===== Collected material =====

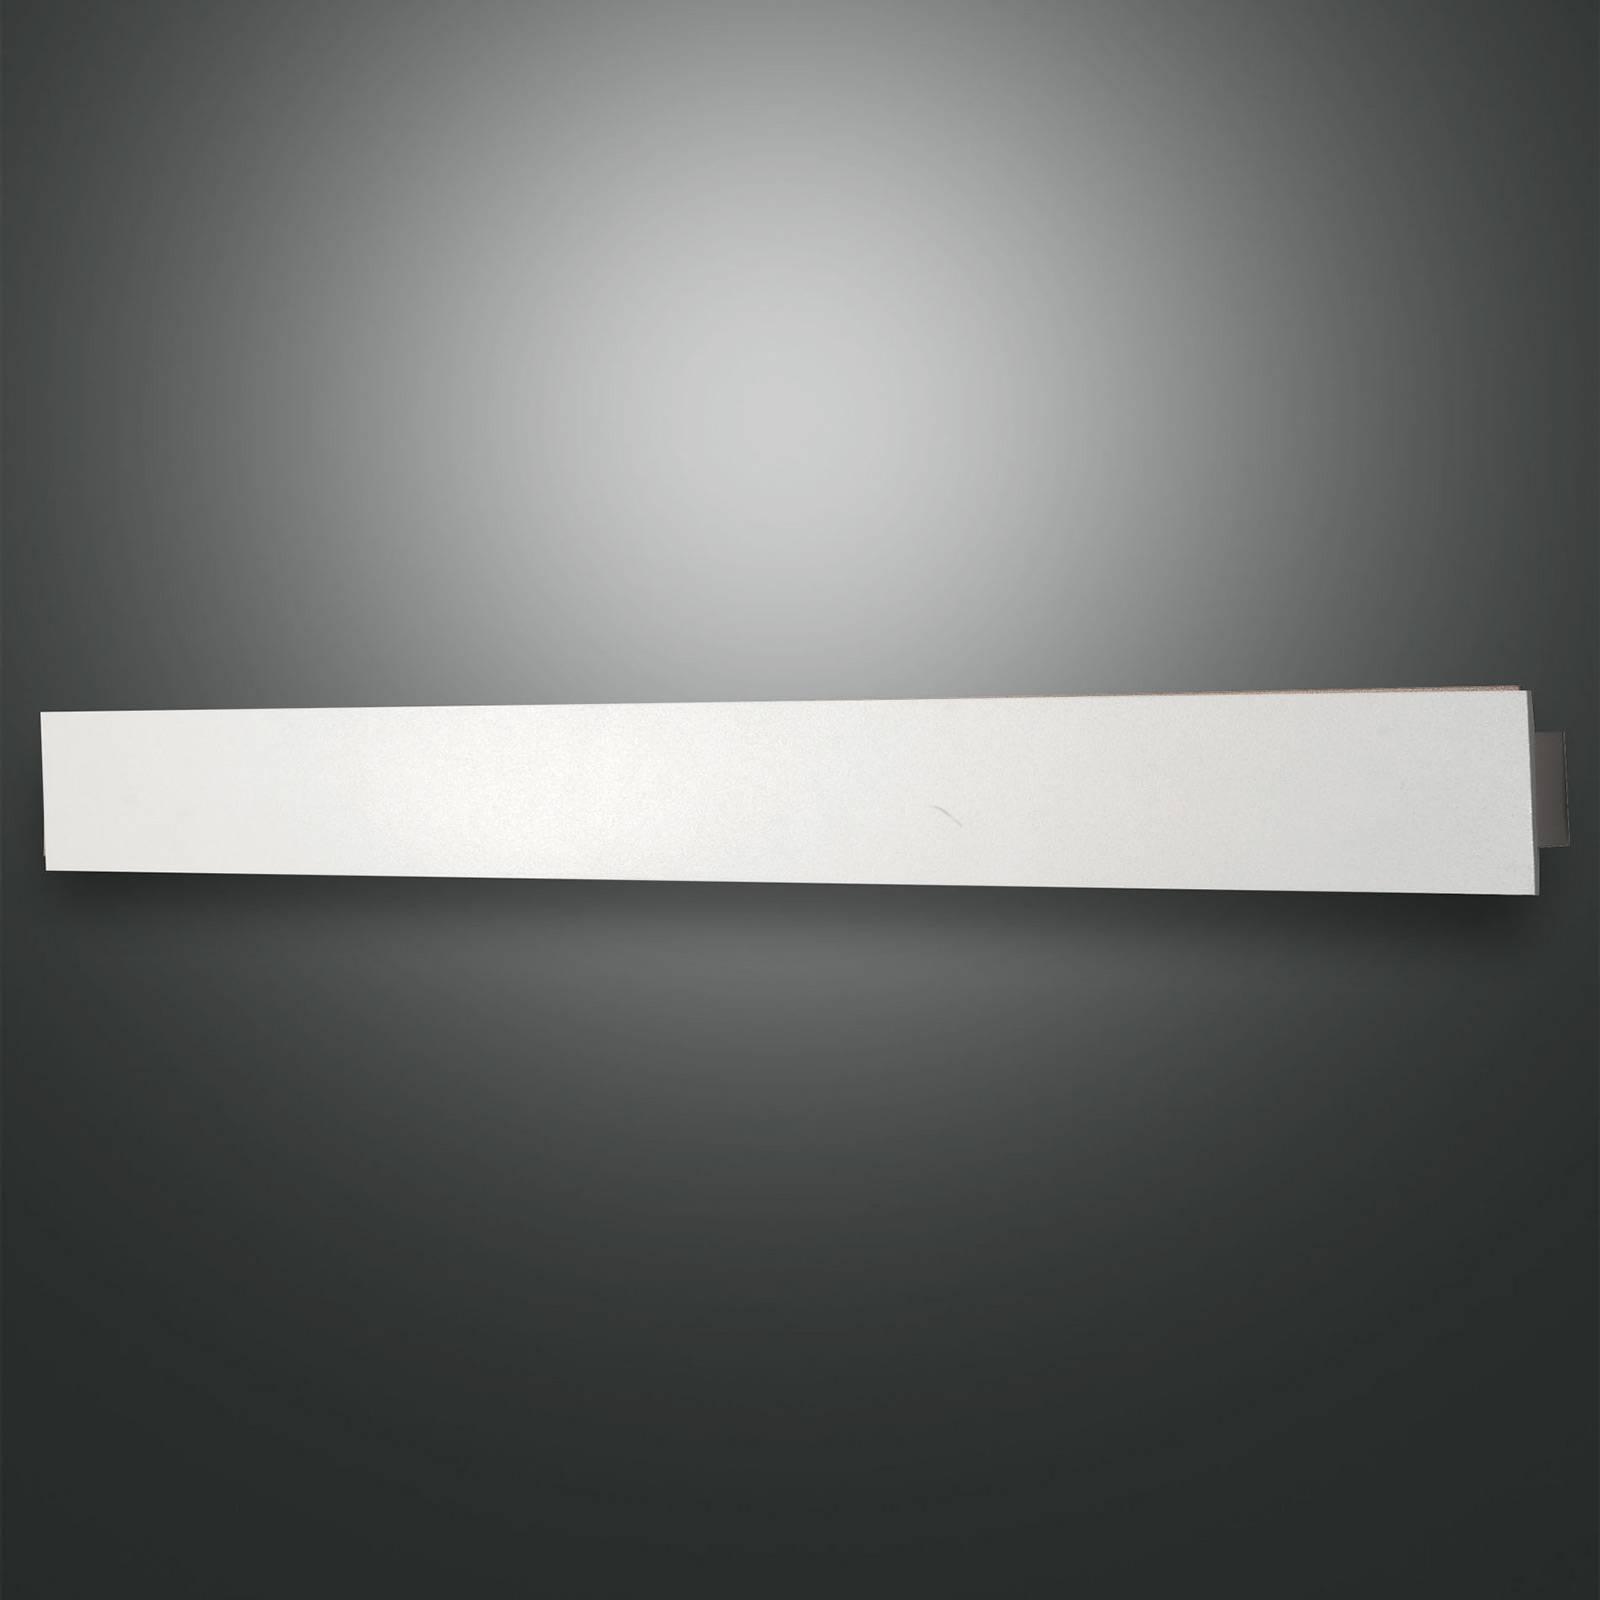 LED-Wandleuchte Lotus, weiß, 93 cm lang
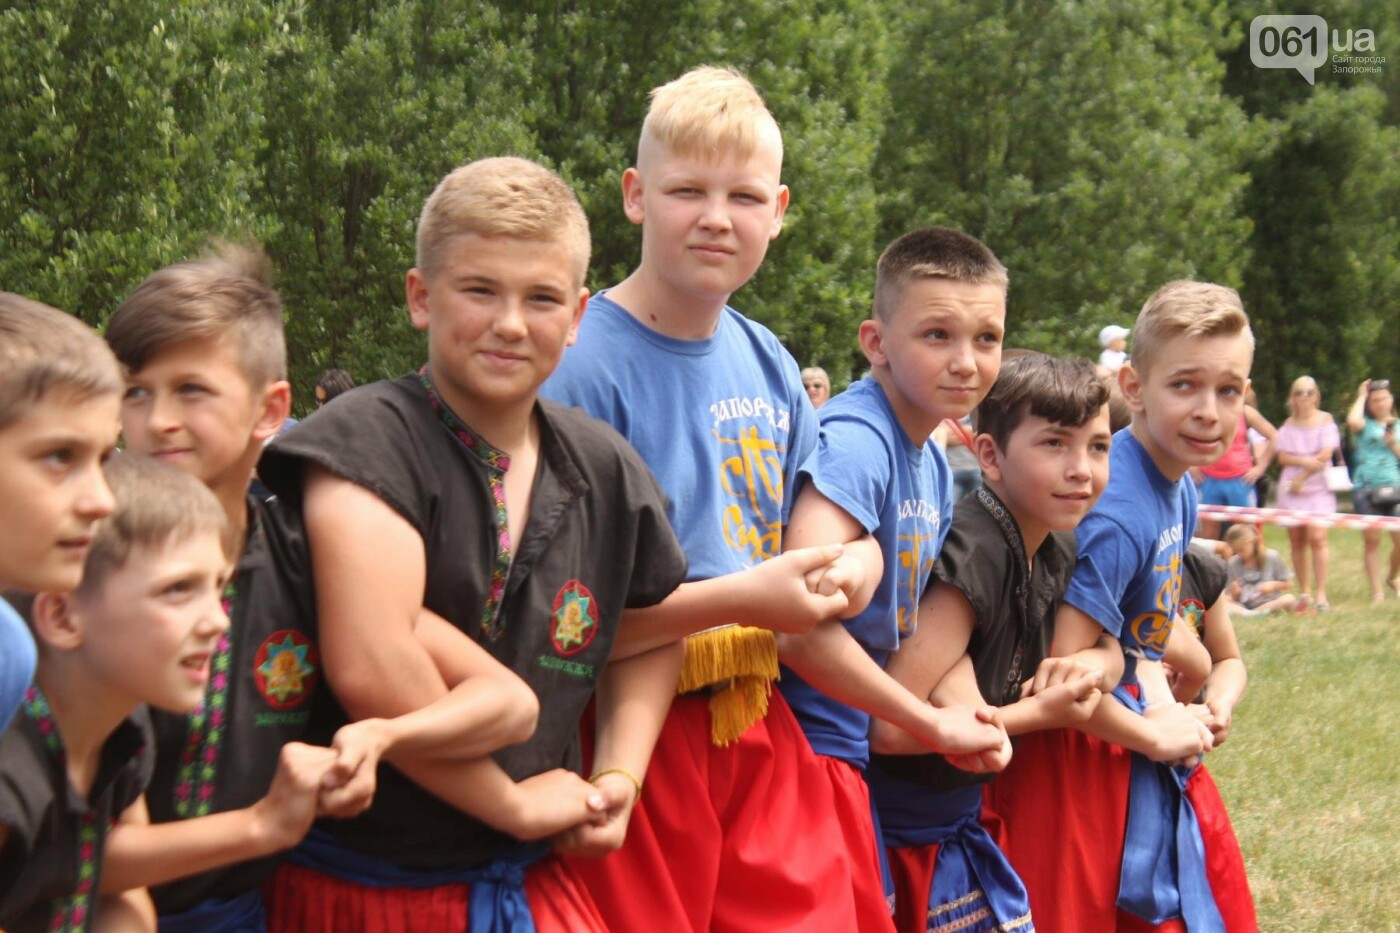 «Лава на лаву», борьба на поясах и ярмарка вышиванок: как в Запорожье прошли всеукраинские казацкие игры, – ФОТОРЕПОРТАЖ, фото-9
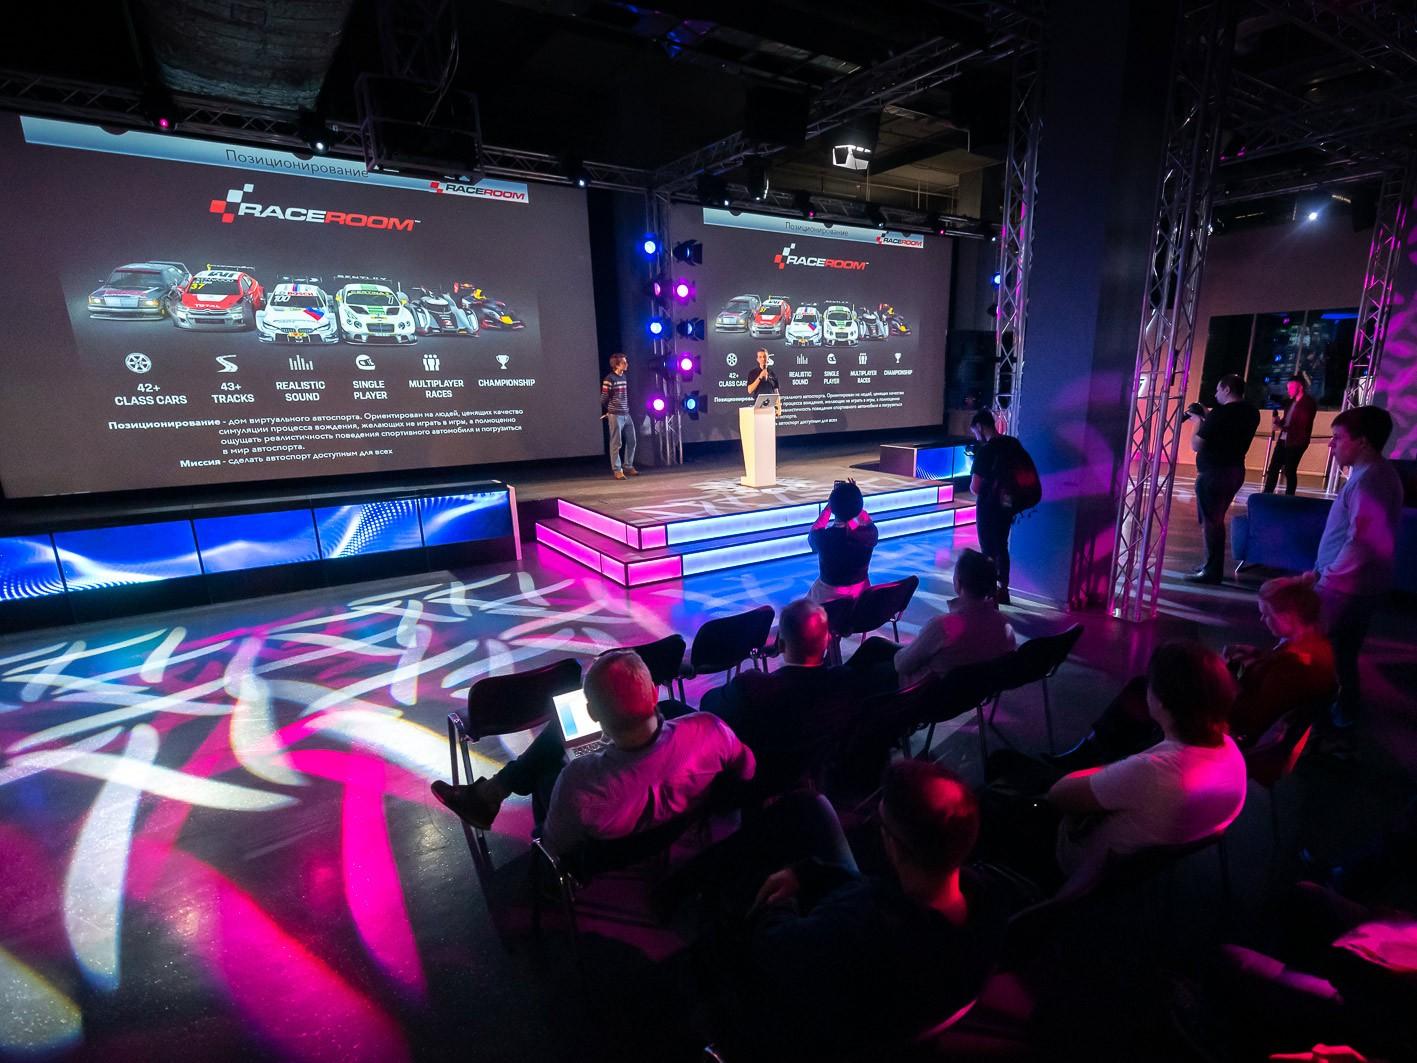 Гранд-Финал крупнейшего киберспортивного события в СНГ за звание чемпиона LADAe-Championship 2019
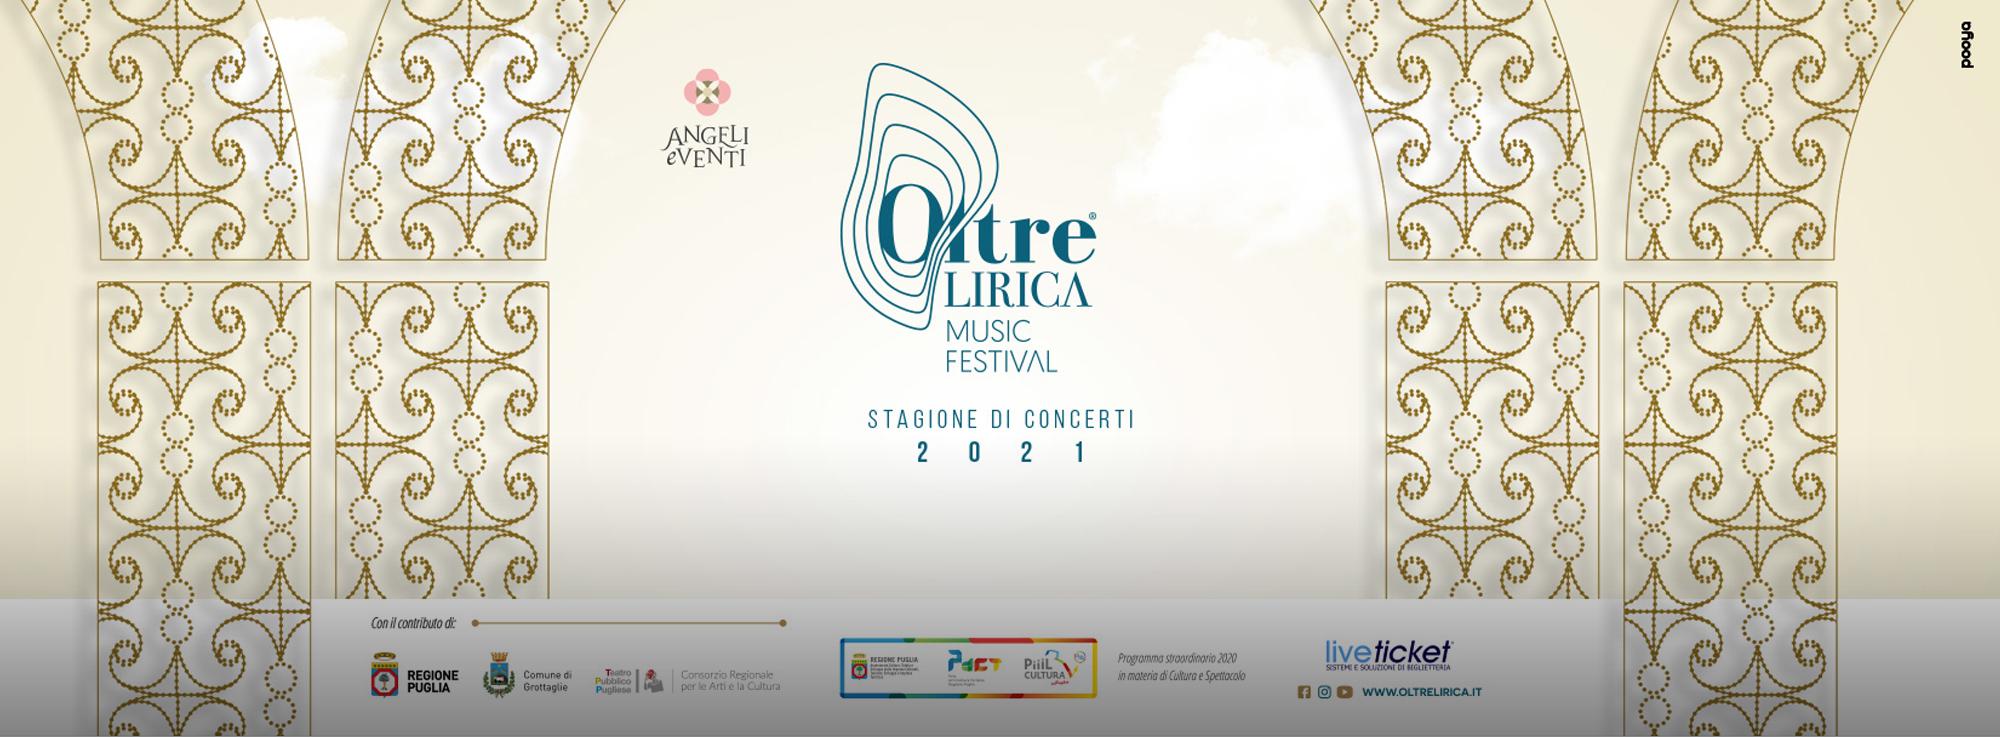 Grottaglie: Oltre Lirica Festival

=====

### Task prompt
Would you transcribe the listing above line by line, exactly, leaving every picture out?

### Task answer
 LED-Wandleuchte Lotus, weiß, 93 cm lang
 «Лава на лаву», борьба на поясах и ярмарка вышиванок: как в Запорожье прошли всеукраинские казацкие игры, – ФОТОРЕПОРТАЖ, фото-9
 Гранд-Финал крупнейшего киберспортивного события в СНГ за звание чемпиона LADAe-Championship 2019
 Grottaglie: Oltre Lirica Festival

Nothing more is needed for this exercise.